After a few minutes of such torture, punctuated every couple of seconds by another kick or punch to various points of his body from the crazy quirk abusing Austrian and his triumphant, evil german laughter, Der Jodler's voice suddenly caught. Both his normal one and his psychic one.

As intense as his mental assault yodeling was, once it was over and Izuku could think for even a moment, any lingering pain was near instantly evaporated by him calling on the power of his quirk, his system now flooding with supercharged adrenaline dulling any such sensations. Like a cornered animal about to spring out, his body fairly erupted in arcs of green electricity, he jumped to his feet, and twisted around with a kick designed literally to sweep the mad Austrian off his feet…

…Only to find the giant teen suspended in the air, a familiar microfilament band wrapped around the body of the annoyance.
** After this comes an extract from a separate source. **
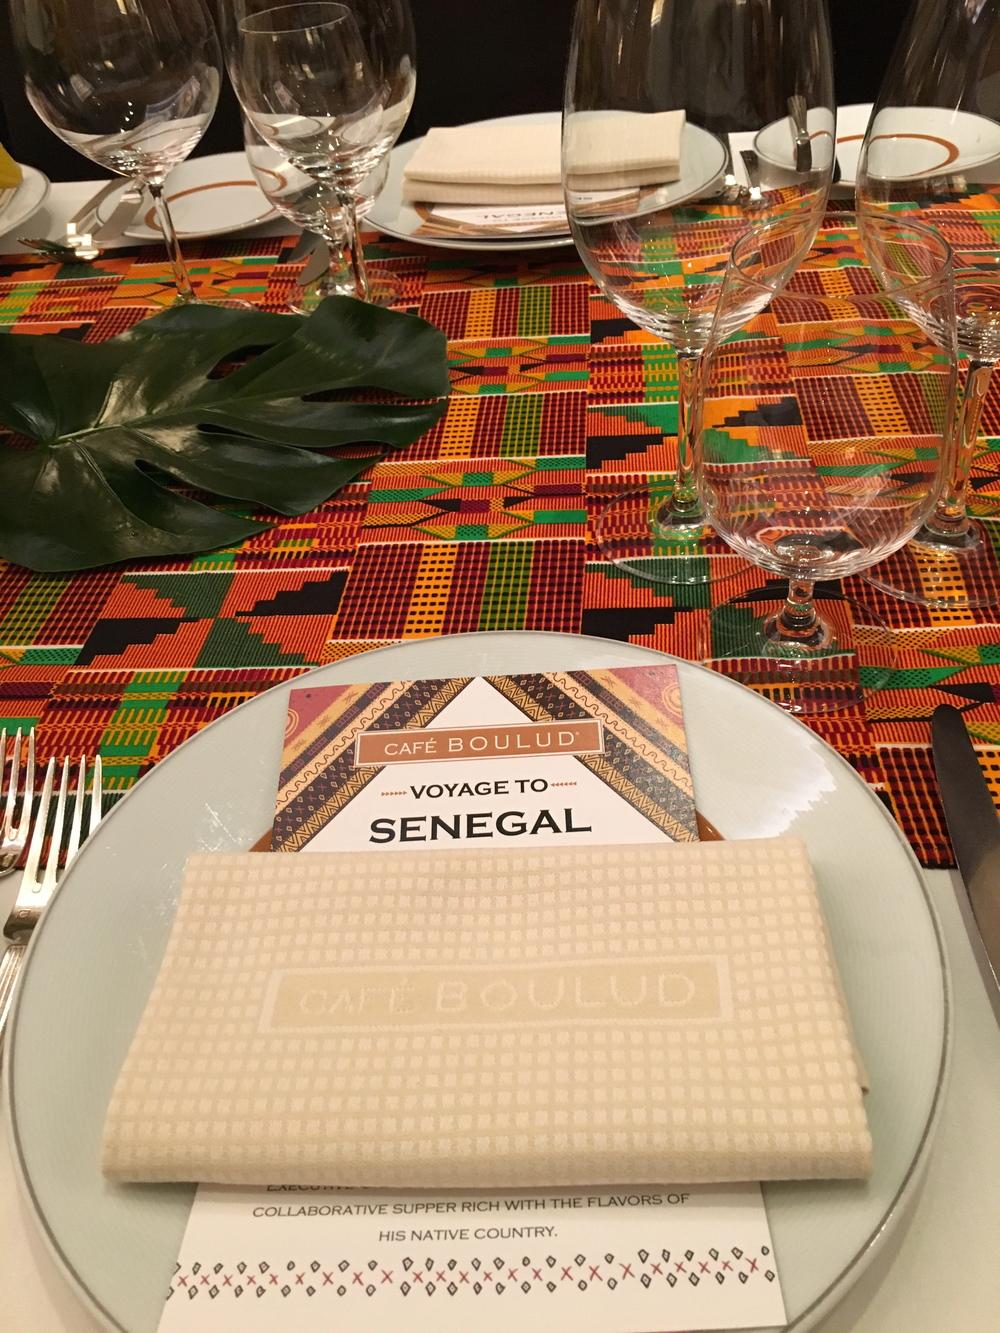 Senegal menu Cafe Boulud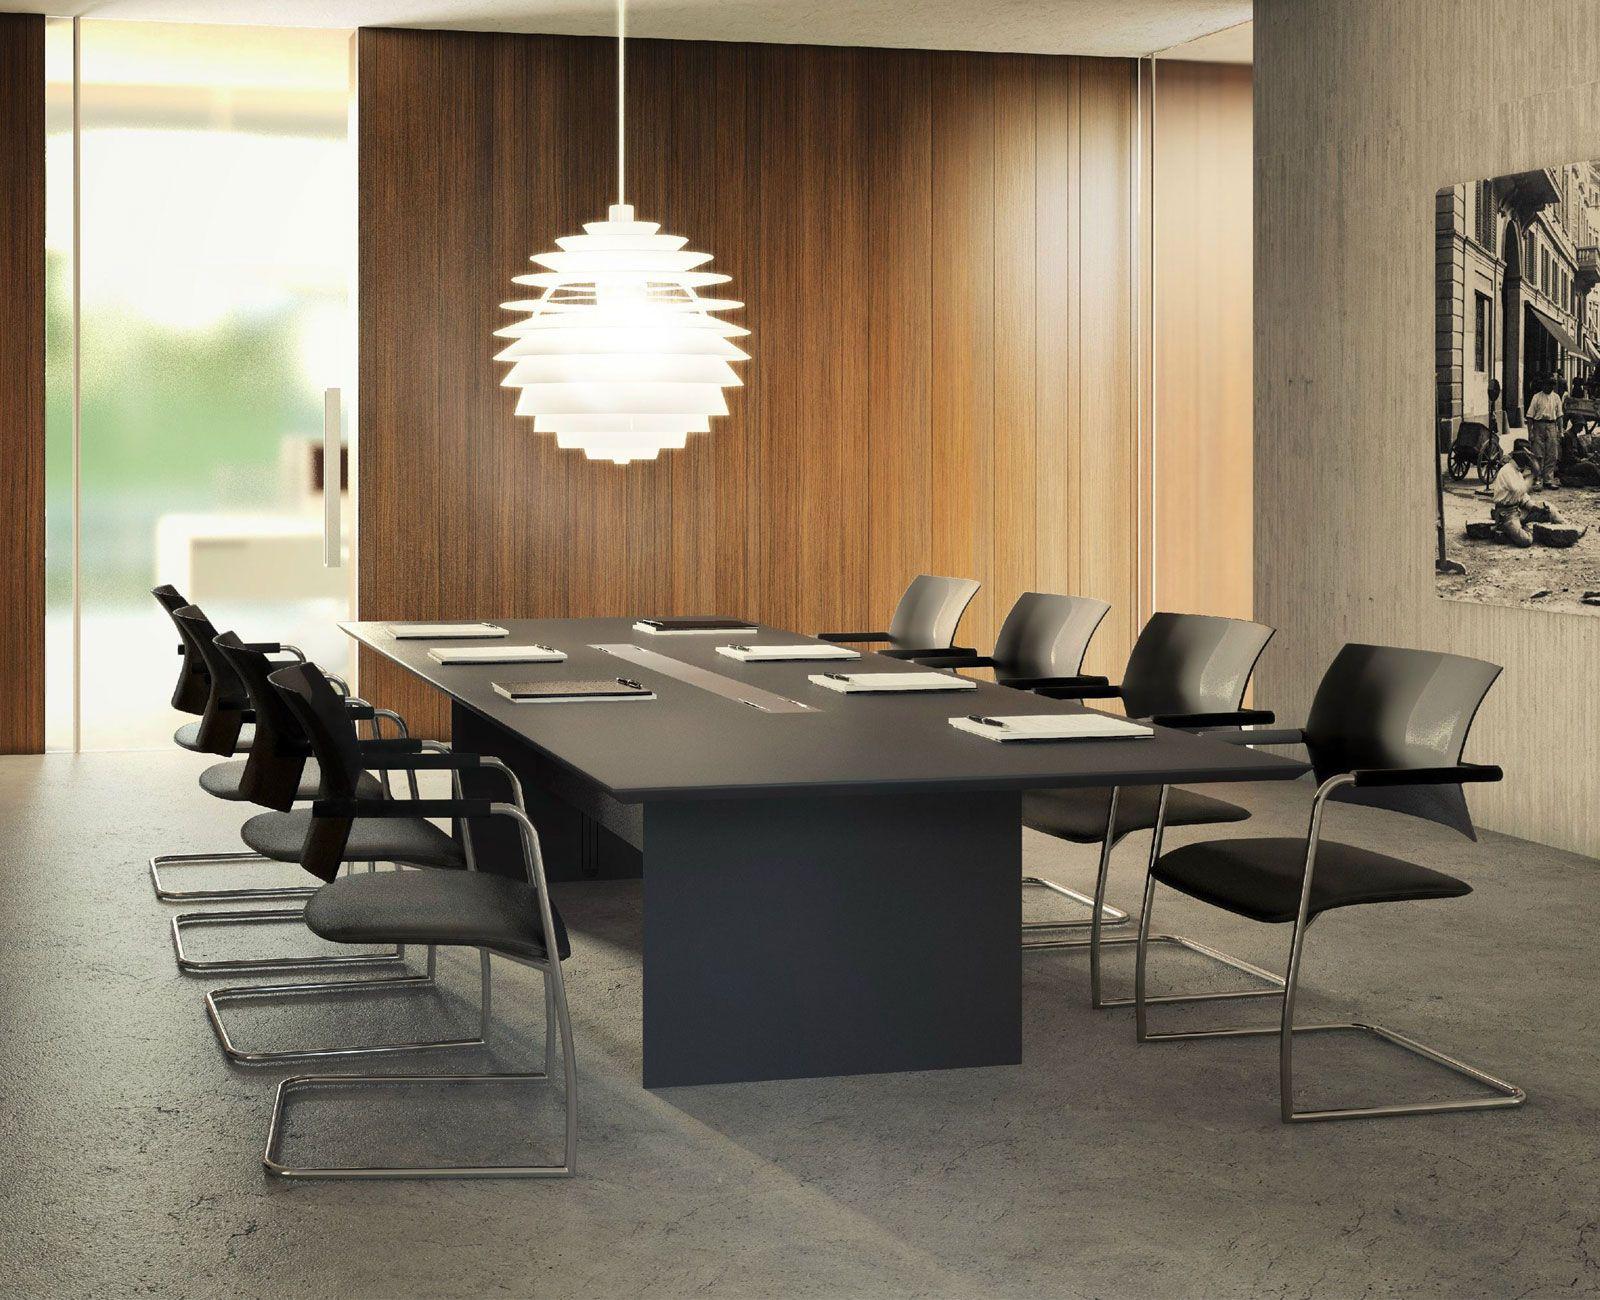 Quaranta5 Meeting Table Fantoni Forza Meeting Rooms Pinterest # Muebles Fantoni

"Bleaaaggghhh! WHO DARES TO!?"

Der Jodler clearly was trying to fire his quirk, his face scrunched up like he was thinking way too hard. Or was really constipated. Or maybe both. Izuku didn't know. He wasn't exactly a good judge of others' bowel movements. Not even he would go that exhaustive in his research.

"Huh." Turning his quirk off, Izuku followed the band all the way up to the rooftop of a nearby building where, as he expected, he found his homeroom teacher standing as stiff and dispassionate as ever.

"Hmmmmph. And here I was expecting not to have to exert so much effort this early in the morning. Midoriya, get to class," Eraser Head said tiredly.

Izuku blinked owlishly a few times, looking between the depowered Austrian teen and his instructor before going, "Uhhh… right. Thank you, sensei!" He made to straighten up and bow, but as he did, he groaned out, Der Jodler having apparently gotten in more and better kicks than he'd thought while he was writhing in pain on the ground and at his mercy… or lack thereof.

"And while you're at, go and see Recovery Girl on the way. Tell her I'll explain when I get there."

Izuku settled for a simple nod, and shuffled as best he could the final stretch to UA.

"Foreigners," Aizawa said, rubbing his temples in exasperation, as he pulled Der Jodler up towards him and leapt from building to building to the nearest police station. "So many foreigners these days."